Thursday, May 19, 2011

CWOPO

Conventional Wisdom or Prevailing Opinion (CWOPO) has really let me down in recent months.  I have learned that salt restriction may actually be dangerous, contrary to what we have always been told.  The idea that cholesterol causes heart disease has been debunked for years now, but the USDA still issues food guidelines that assume it is true.

Soy is supposed to be the new health super food (and it's in everything we eat that is processed--just read the labels).  Yet I am discovering that soy is a very dangerous food, and that giving soy formula to infants is like giving them birth control pills.

We are told to do cardiovascular exercise, and then learn that it may actually cause heart disease.

My daughter has educated me about natural child birth and the benefits of using a nurse midwife (see the movie, The Business of Being Born on Netflix or Amazon Prime).  Naturally, this movie upset the AMA.

We are told to have regular physical exams, then we are told that annual physicals don't do much for us.

The American Diabetes Association approved diet is heavy on carbs, yet these same carbs are causing blood sugar spikes.  Don't these so-called professionals know this?  Dr.
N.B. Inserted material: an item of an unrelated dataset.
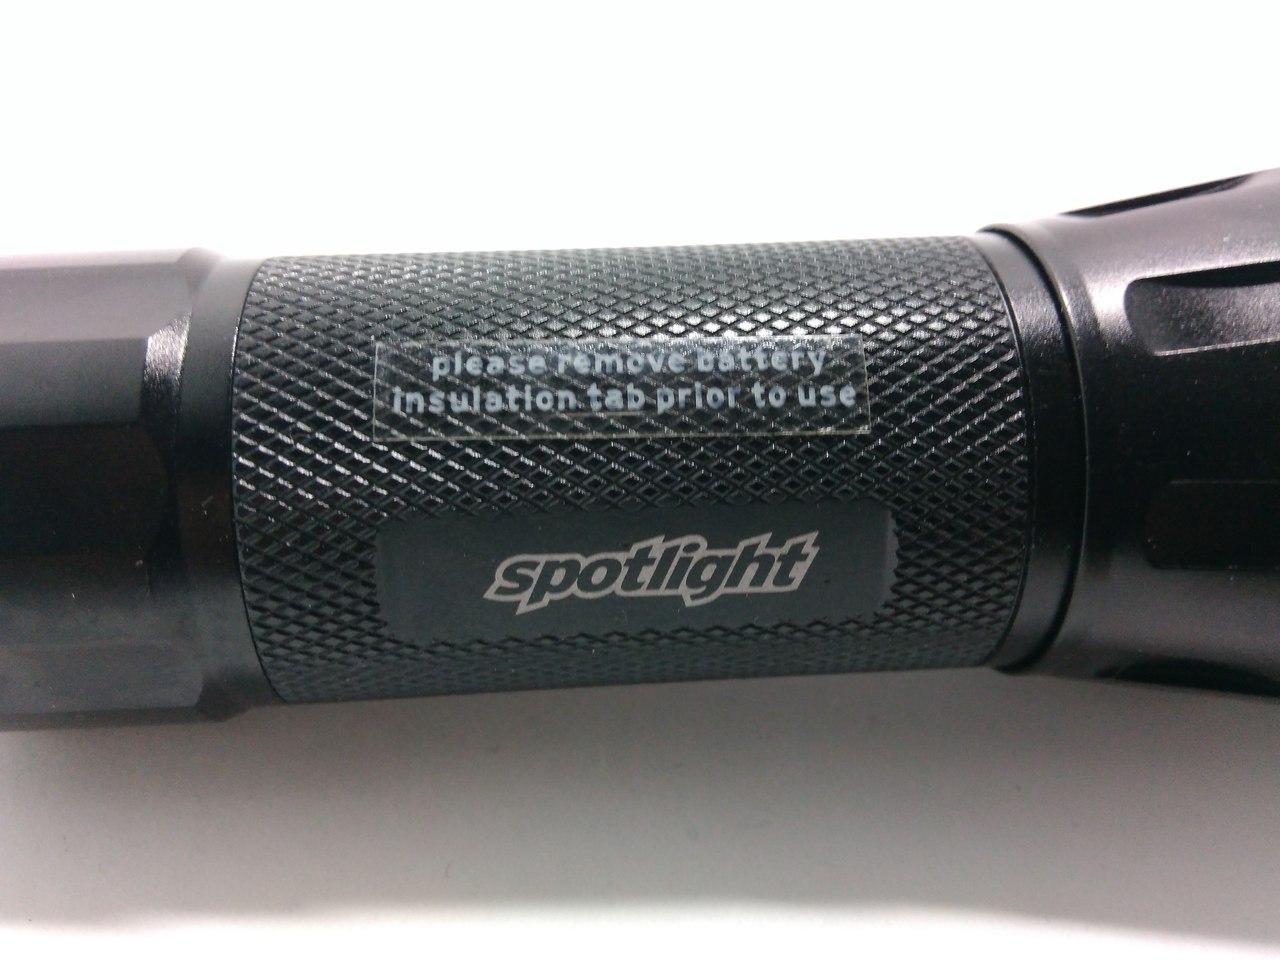 Другие - Китай: Shifter 4.0 - самый мощный фонарик у Spotlight

Bernstein takes the ADA to task for its 2008 guidelines that are problematic for diabetics.

Last year, I had a scare with rheumatoid arthritis (fortunately for me, it was merely reactive arthritis), and all the conventional treatments are pretty scary, not to mention expensive.  Yet there is a simple, safe, inexpensive, medically proven alternative to the other expensive and dangerous rheumatoid arthritis treatments.  And this treatment is shunned by rheumatologists and the medical establishment.

I am now starting to question a lot of what I have been told to do by medical authorities.  CWOPO is often seriously flawed and out of date, in my opinion.  I have discovered that evidence based medicine is not usually practiced, though it should be.  CWOPO is what is practiced, and it is very hard to change, despite empirical evidence to the contrary.

I am learning that if it is my health problem, I must take ownership of the problem and do the research about what to do.  This is what I have done with the type II diabetes, what I did when I thought I had rheumatoid arthritis, and what I have done with my weight loss strategy.  I will not merely passively accept what an M.D. tells me in the future.